## Data
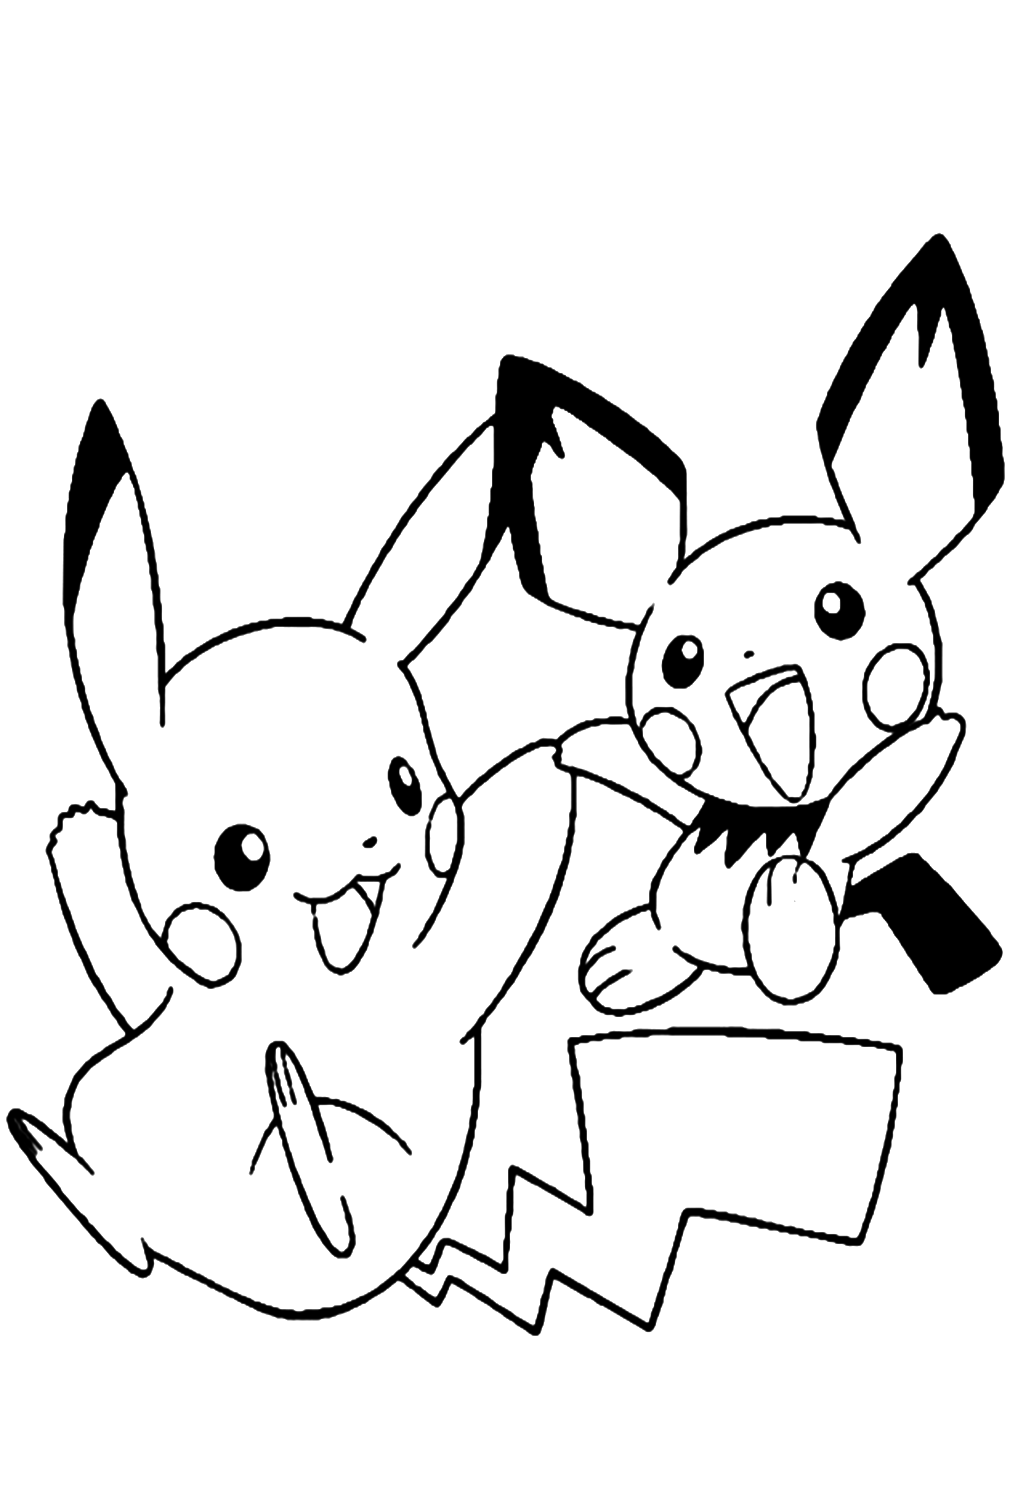 Pichu and Pikachu Coloring Pages
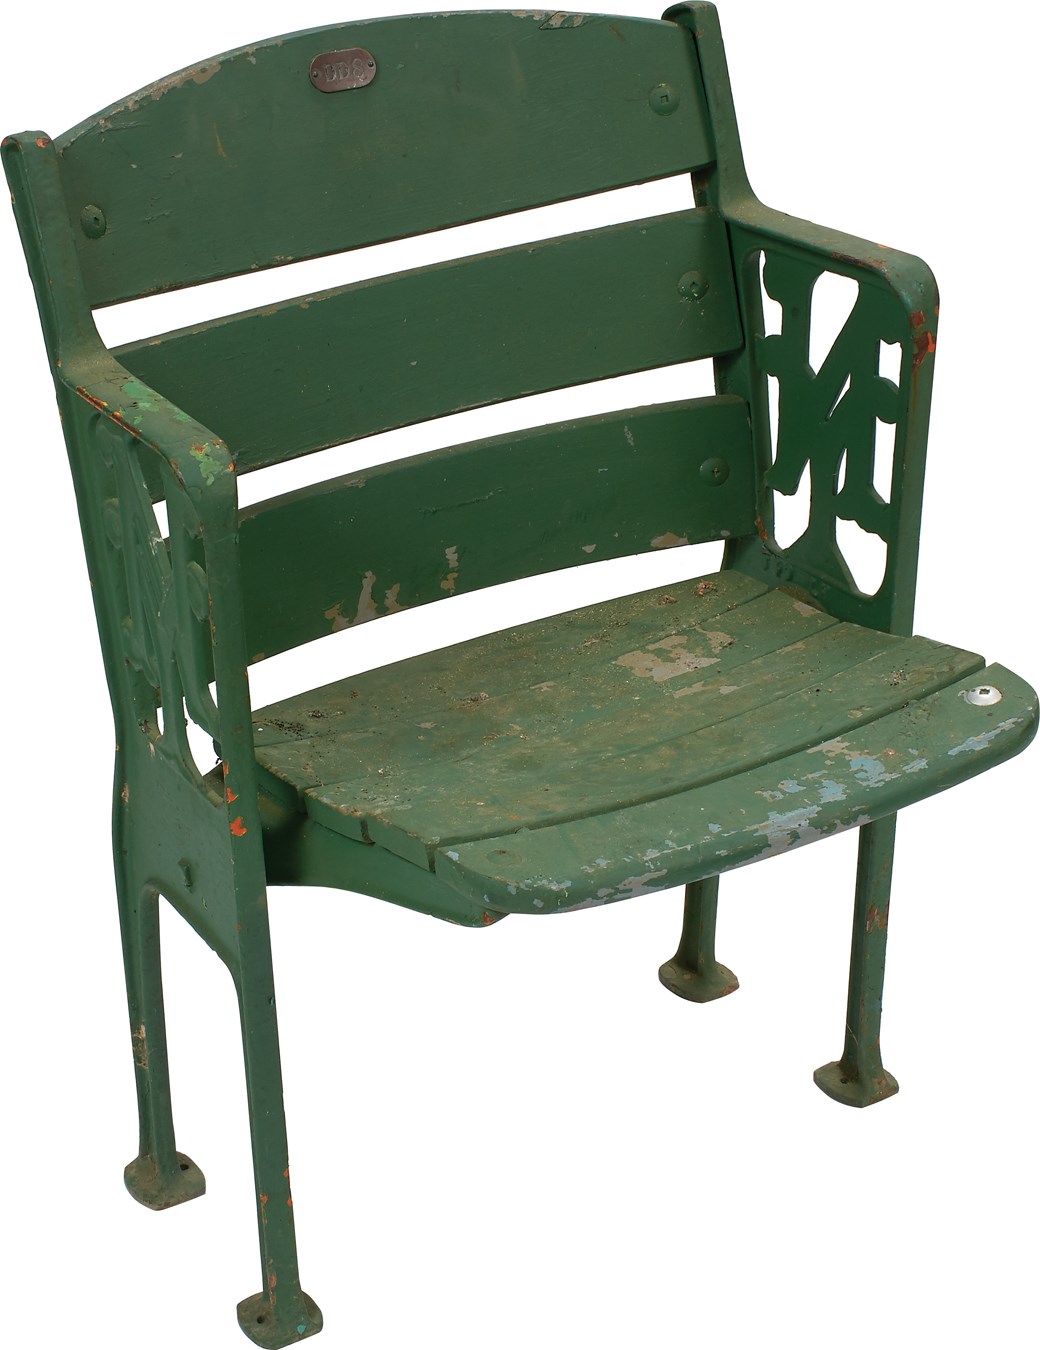 Polo Grounds Seat with Double Figural Sides
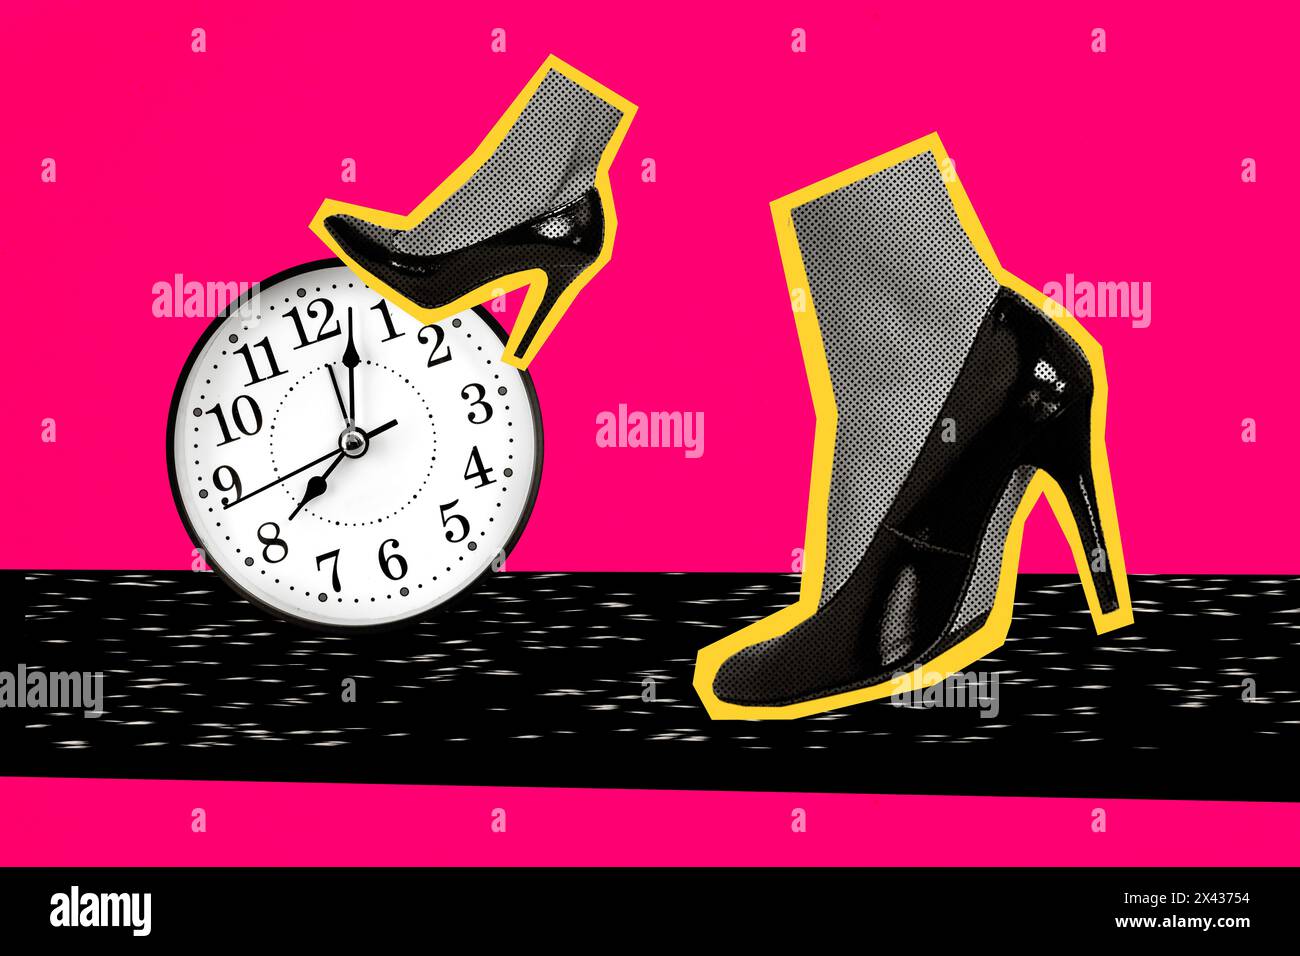 Sketch image composite trend artwork photo collage of two woman fashion style legs wear high heels walk step on huge clock show time Stock Photo

## Brief
Copy every line above exactly, leaving no picture in the copy.

## Answer below
 Pichu and Pikachu Coloring Pages
 Polo Grounds Seat with Double Figural Sides
 Sketch image composite trend artwork photo collage of two woman fashion style legs wear high heels walk step on huge clock show time Stock Photo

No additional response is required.